さて、ここで作曲家のクセナキスを紹介したい。そもそも戦後音楽の主流は12音音楽の継承だった。12音音楽とは普通のメロディーの法則に変わり、12音を規則的に組み合わせして音楽を作ること。これをシュトックハウゼンやブーレーズがトータルセリーという音の長さや音の強弱らも規則性を生み出すところまで発展させる。ところでクセナキスは音の規則性としてなんと数学やアルゴリズムを使うことを思いついた。その結果独特の音響とリズムを生み出すことに成功した。
このルボンは打楽器ソロとして非常に有名な作品だが、超絶技巧曲としても知られる。あまりに難しすぎて、私が目にした演奏では演奏中に撥が吹っ飛んでしまった。ぜひ曲の躍動感を楽しんで欲しい。このクセナキス、演奏家のことをあまりに気にせずに作曲しているので「演奏不可能」「演奏不可能な近い」部分があることが多い。演奏家がどう曲にチャレンジしているかを見るのもとても興味深いところである。

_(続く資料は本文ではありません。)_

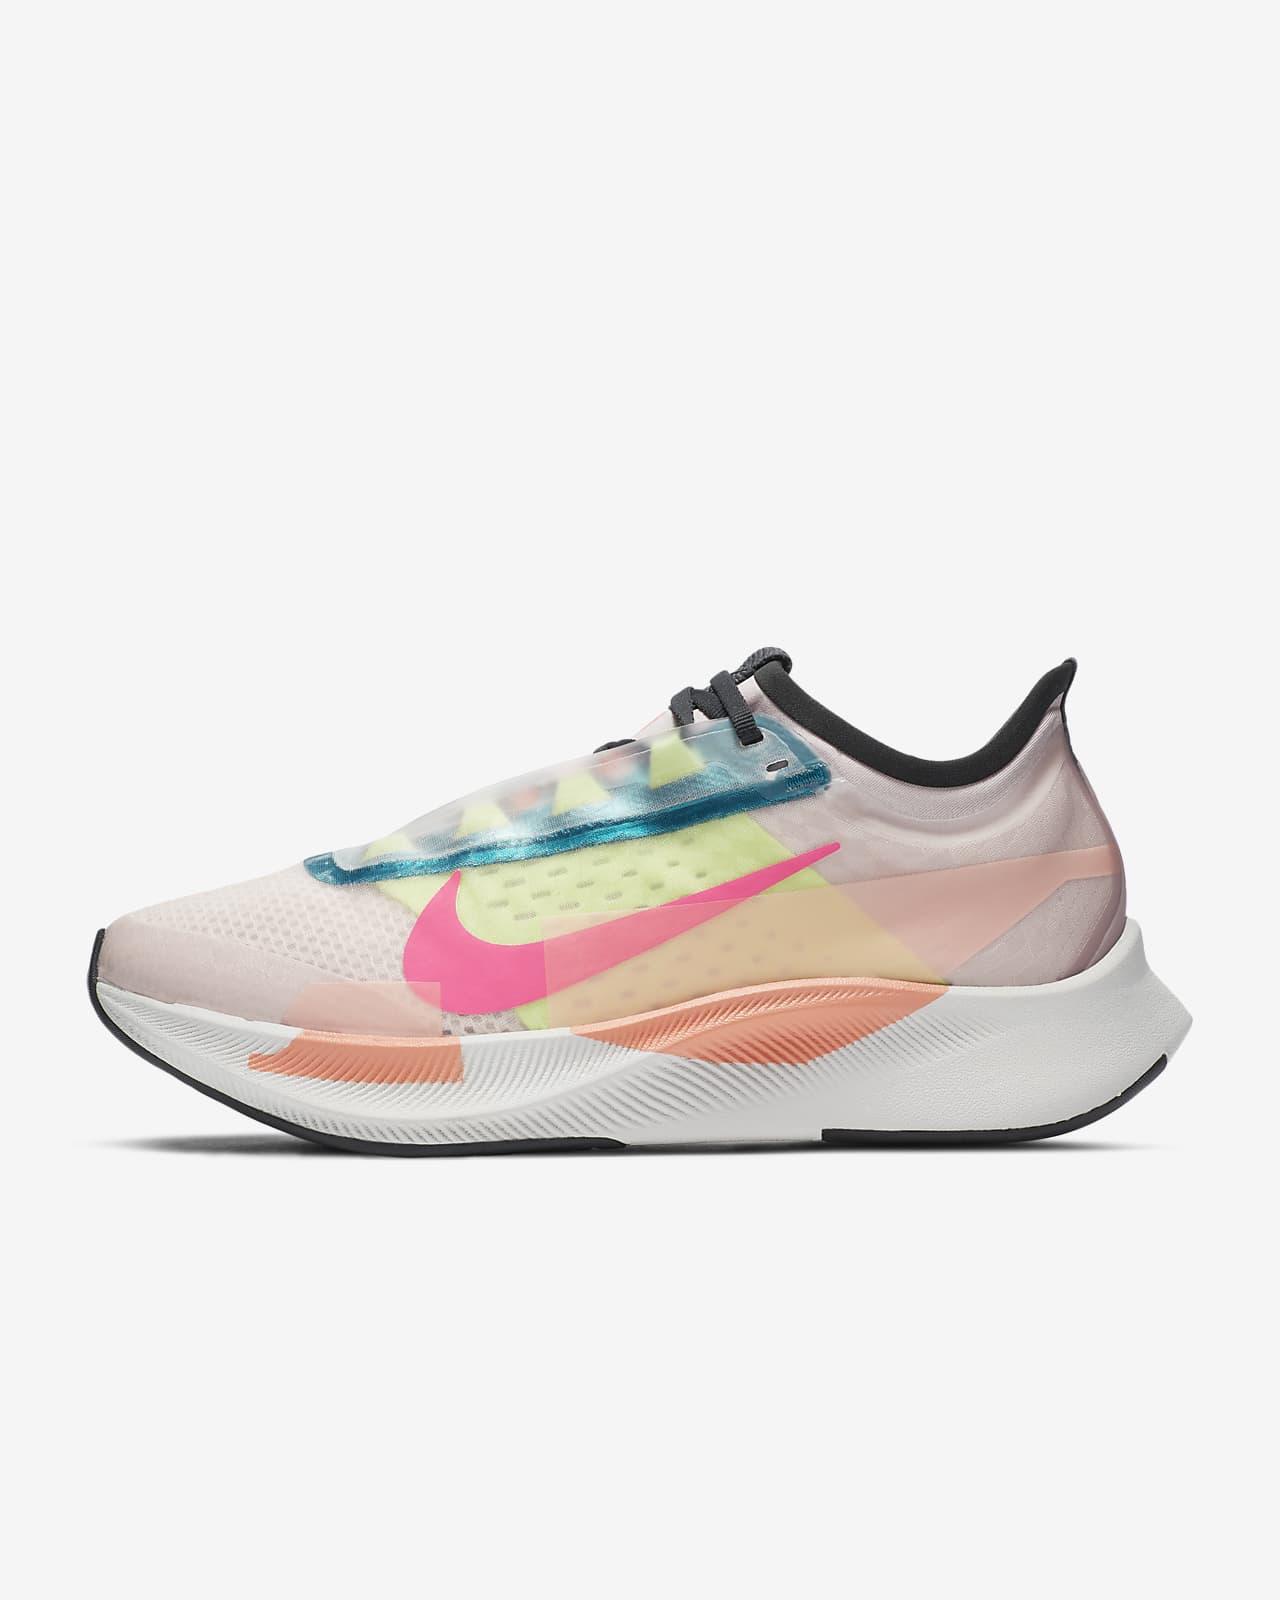 Sapatilhas de running Nike Zoom Fly 3 Premium para mulher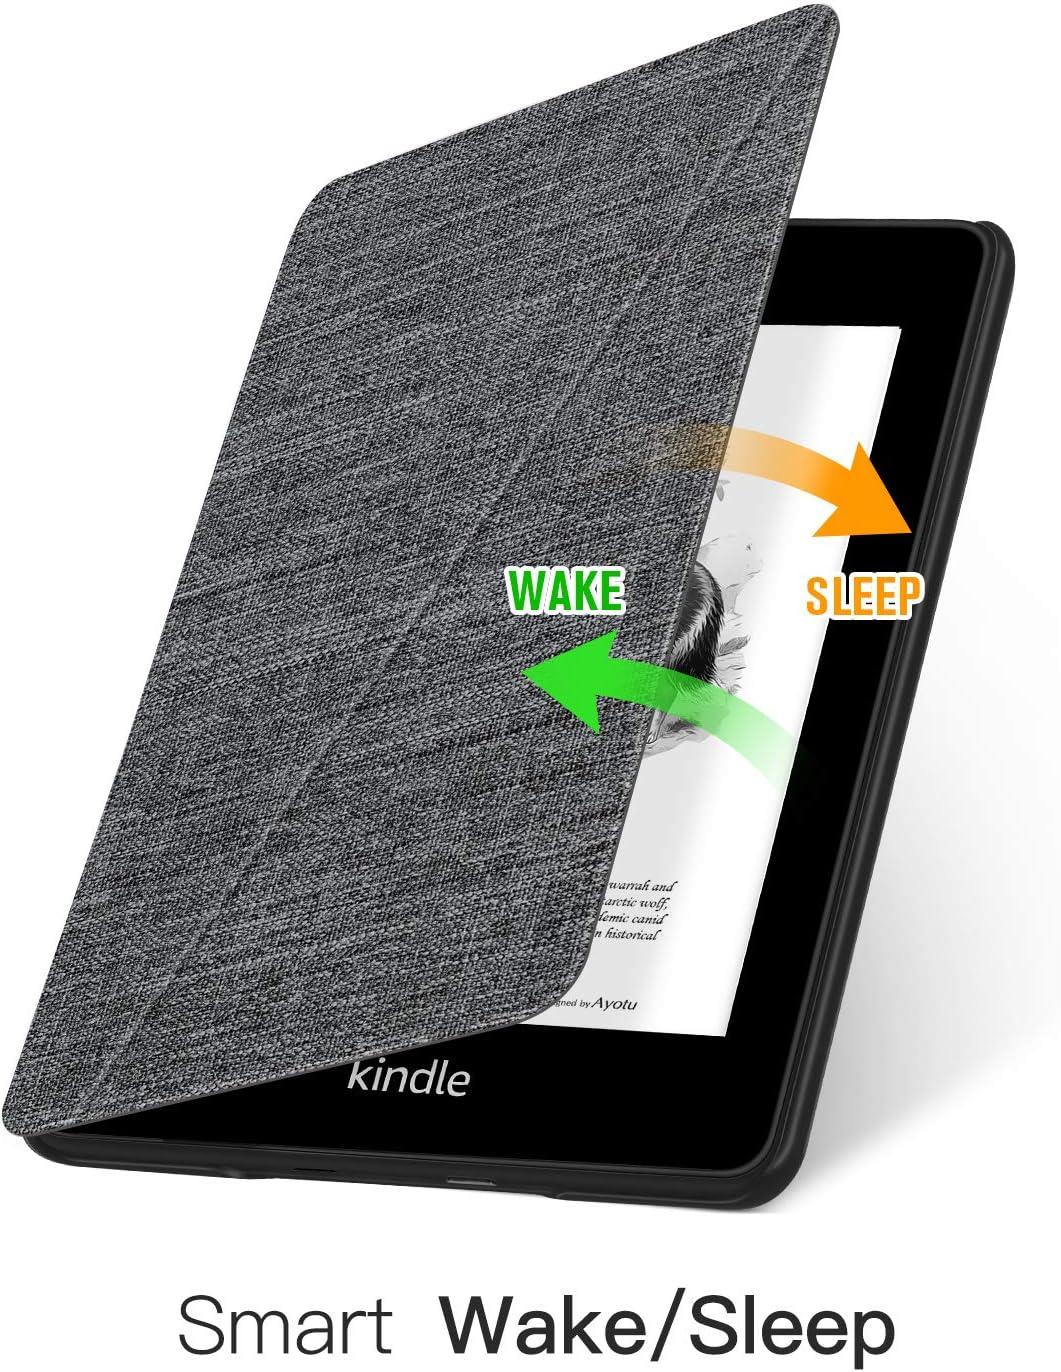 10a generaci/ón-2019 no Apta para Kindle Paperwhite d/écimo Funda para Soporte de Manos Libres con activaci/ón//suspensi/ón autom/ática Azul OLAIKE Funda Plegable de Tela Solo para Kindle

ルボンに興味が持てば、シュトックハウゼン「ツィクルス」をお勧めしたい。
この曲も演奏の超難易度が高い作品。シュトックハウゼンが極めたトータルセリーの要素に偶然性というパラメーターも含まれている。楽譜が実はリング状になっていて右周りから演奏しても、左回りから演奏しても、「どこから」演奏してもよい!ことになっている。更に演奏スピードも演奏者に任せられている。もし可能なら楽譜を見ながらCDを楽しんで欲しい。
□バーバー:バイオリン協奏曲
バーバーといえば「弦楽のためのアダージョ」があまりにも有名。よく訃報や葬式の時に流れる重厚で荘厳な音楽ですよね。でも「ピアノソナタ」のようなとても現代音楽的な作品もある。バーバーでぜひ聞いてもらいたいのがこのバイオリン協奏曲。特に第3楽章はバイオリンソロが急速に細かいメロディを演奏し(いわゆる無窮動)、とても緊迫した時間を奏でていく。最近演奏回数が増えているので、クラシックファンでも是非チェックして欲しい。
如何だったでしょうか?ややクールな作品が多かったのですが、聞いてみると興奮する作品が多いはず。一度は聞いてみて欲しいものです。ちょっと技巧的な作 品が多かったかな?カッコいい曲としてはメシアンの「黒つぐみ」、「聖霊降臨祭のミサ]から「閉祭」、デュティユー「ソナチネ(フルートのための)」、 ブーレーズの「2重の影の対話」、武満徹「夢窓」なども面白い。
第3弾は「インパクト」のある作品です。いろいろな意味でネタになる作品教えます!期待して下さいね。